Electrochemical impedance spectroscopy (EIS) of (A) normally closed and (B) normally open DNA origami in the absence (blue) and presence of 1 nmol/L (nM) analyte (orange) that has a sequence complementary to the lock strand. Solid lines in each case represent fits of a simplified Randles circuit model. (insets) Representation of the starting and final state for each DNA nanostructure variant upon adding a complementary DNA sequence (orange) that binds the lock strands (blue) A representative measurement is shown here.

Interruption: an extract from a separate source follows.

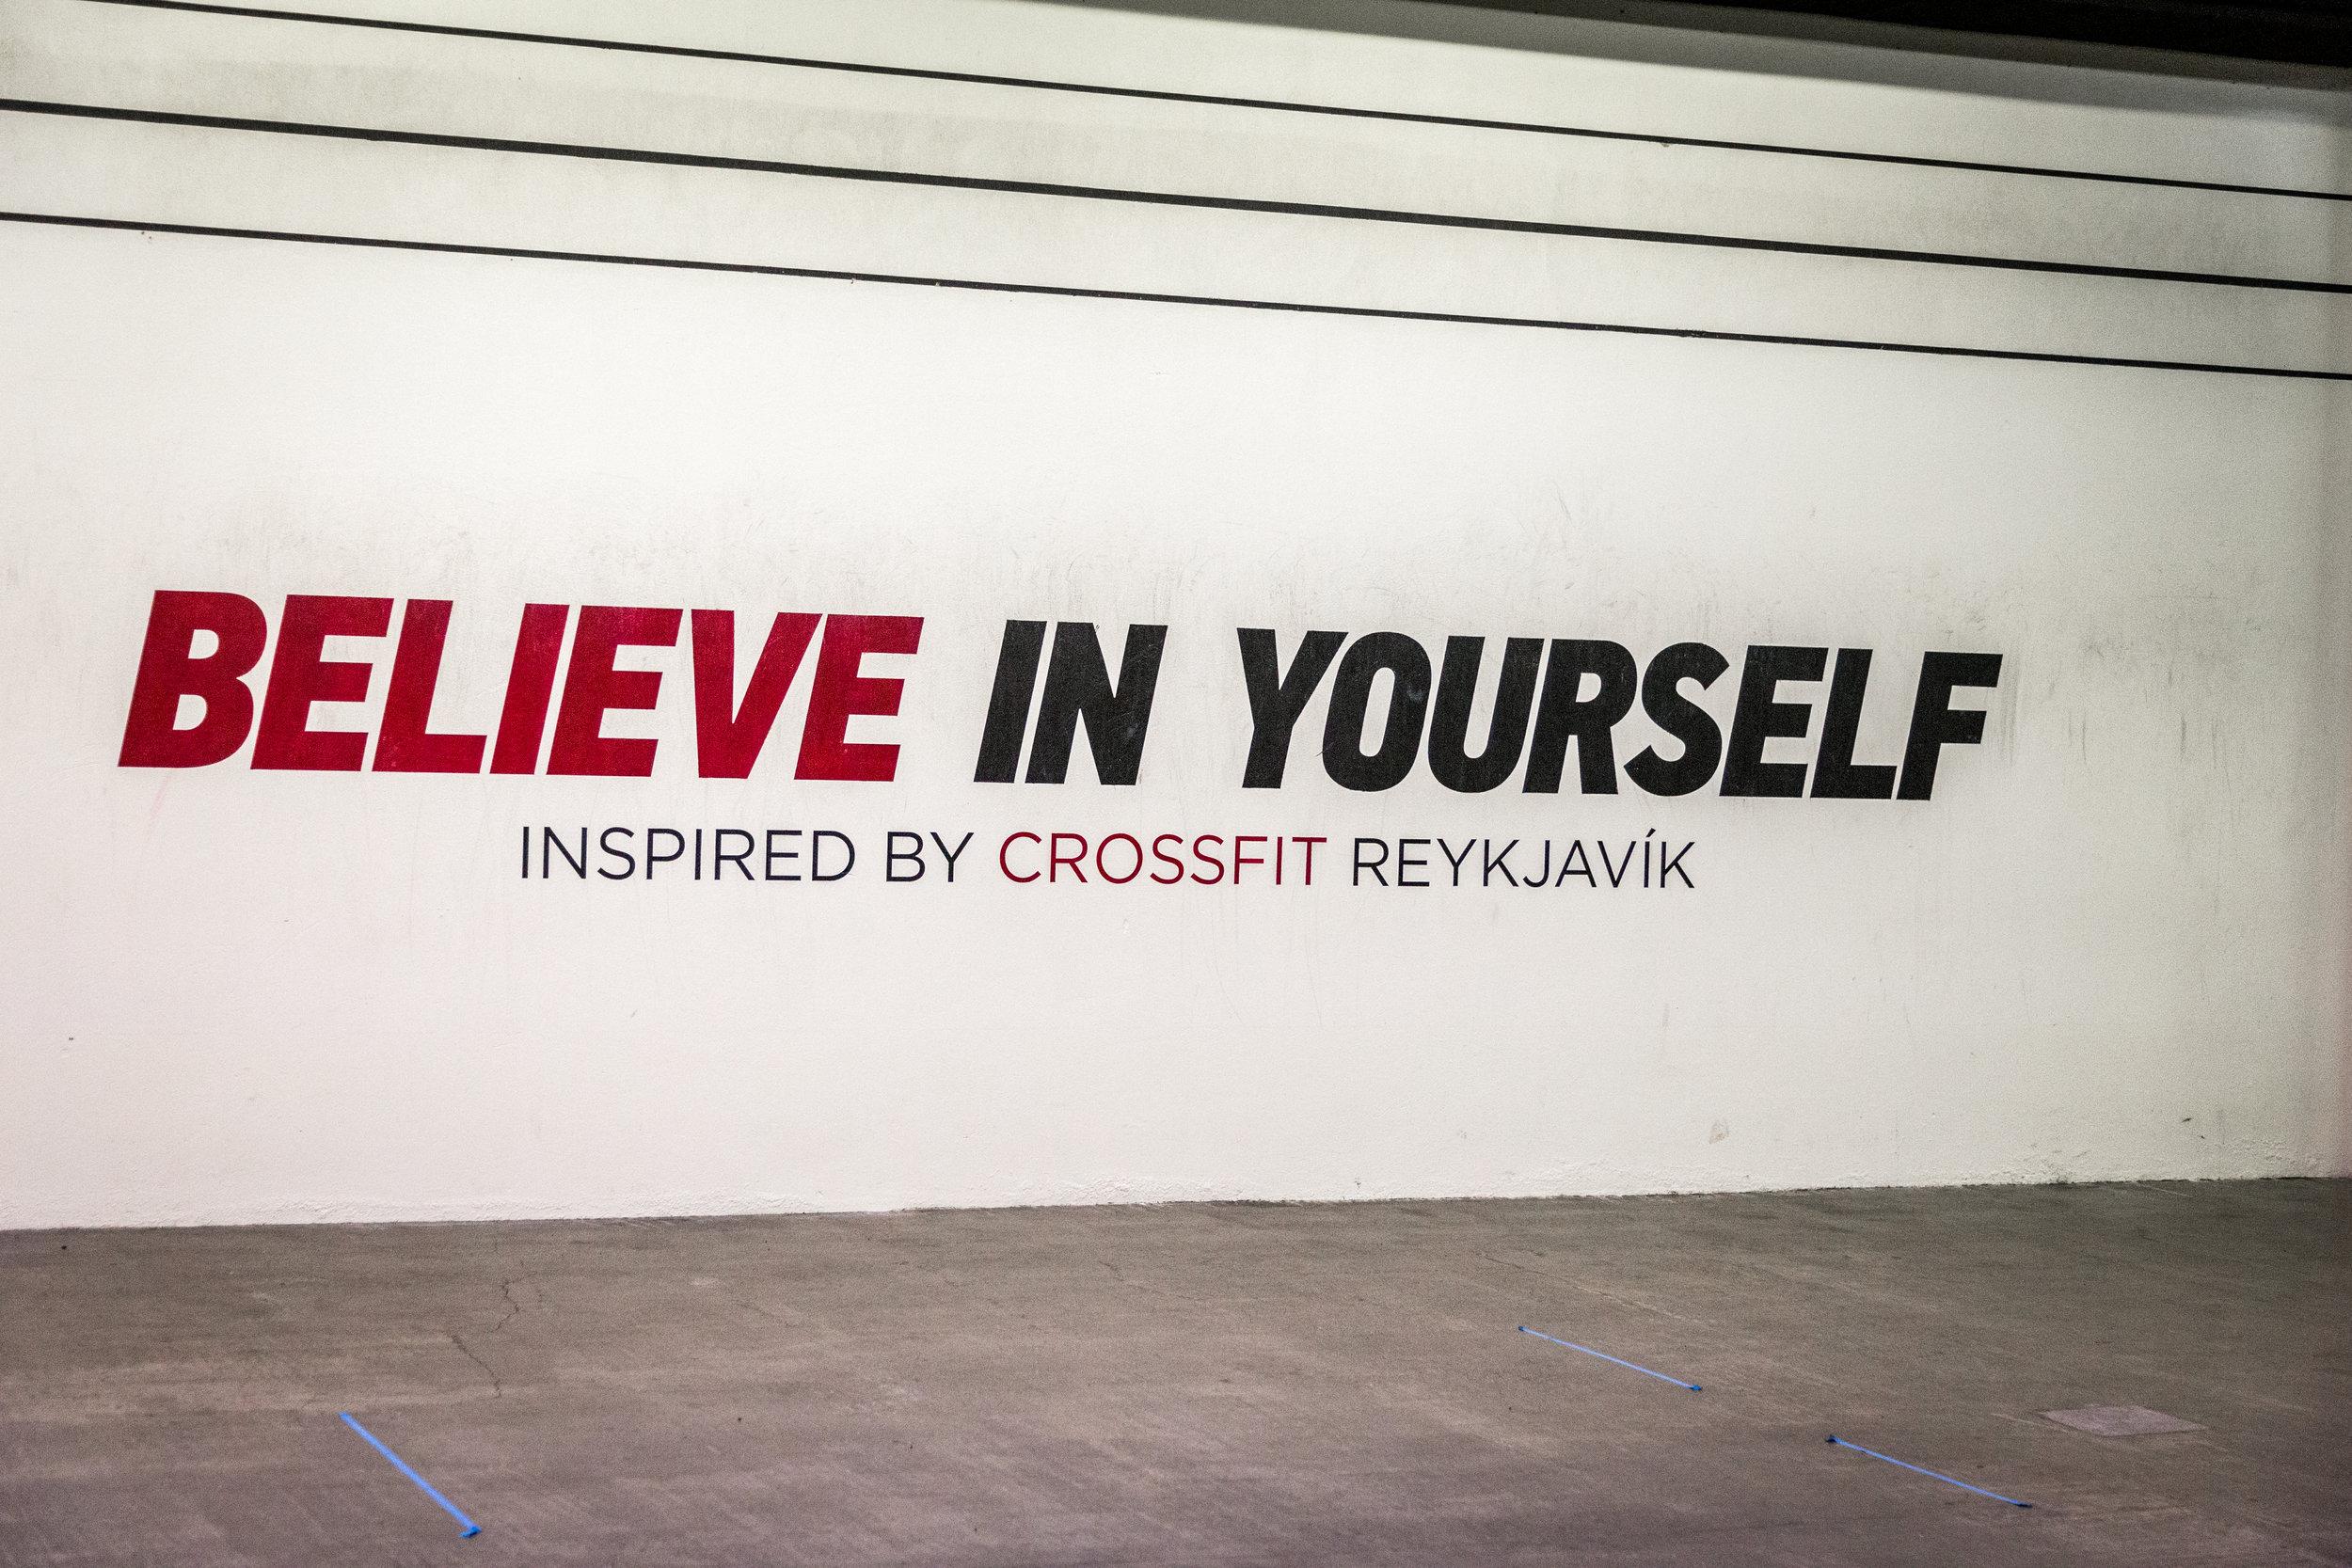 Motivation from @CrossFitReykjavik

Full data sets from three independent measurements used to estimate fit parameters are shown in the Supplementary Information (section S2).

Fig. 3:

Measurements and modeling of the capacitance of DNA origami as a function of applied DC bias $\left(V_{DC}-V_{Ag\text{/}AgCl}\right)$ relative to an AgCl reference electrode. (A) Schematic and equivalent circuit model of a DNA origami. (B) Modeled capacitance per origami molecule computed using Eq. 1 and Eq. 2. $C_t$, as a function of hinge angle, $\theta$ inferred by solving the equivalent circuit in panel A. (C) Capacitance measurements vs. $V_{DC}-V_{Ag\text{/}AgCl}$ of normally closed (blue) DNA origami $\left(C_{structure}\right)$ conjugated to a gold surface in the absence of analyte. The capacitance was measured with an applied AC field with a frequency of 100 Hz and amplitude ${\text{V}}_{\text{pk}}=20\text{mV}$ summed with $V_{DC}-V_{Ag\text{/}AgCl}$. The solid line is a fit of the model to the data. (D) Capacitance measurements vs. $V_{DC}-V_{Ag\text{/}AgCl}$ of DNA probe strands $\left(C_{DNA}\right)$, with identical sequence to the DNA nanostructure lock, in the absence (green) and presence of 1 nM (nmol/L) analyte (red). For all plots in the figure, three independent measurements were used to estimate the expanded uncertainties are reported with coverage factor $k\text{=}2$ (95 % confidence interval).

Fig. 4:

Relative change in capacitance $\left(\Delta C_{structure}\text{/}{C}_0\right)$, where $C_0$ is the initial capacitance and gain of DNA origami relative to the change in capacitance of DNA hybridization $\left(\Delta C_{ssDNA}\right)$. (A) and (B) $\Delta C_{structure}\text{/}{C}_0$ of the normally closed and normally open DNA origami in the presence of 1 nM (nmol/L) analyte as a function of the DC bias $\left(V_{DC}-V_{Ag\text{/}AgCl}\right)$ relative to the absence of analyte. The dashed lines in each panel show $\Delta C_{ssDNA}$ in the presence of 1 nM (nmol/L) of DNA analyte. (C) Gain $\left(G\right)$ of the normally closed (blue) and normally open (orange) DNA origami over the DNA hybridization case. (D) Schematic of the forces from the hinge spring constant, $F_H$, and the portion of electric force normal to the hinge, $F_E$, at the relevant angles for the two structures as described in the main text. (E) $\Delta C_{structure}\text{/}{C}_0$ as a function of the analyte concentration in solution. The zero-concentration case represents a control with a non-complementary sequence. For all plots in the figure, three independent measurements were used to estimate expanded uncertainties are reported with coverage factor $k\text{=}2$ (95 % confidence interval).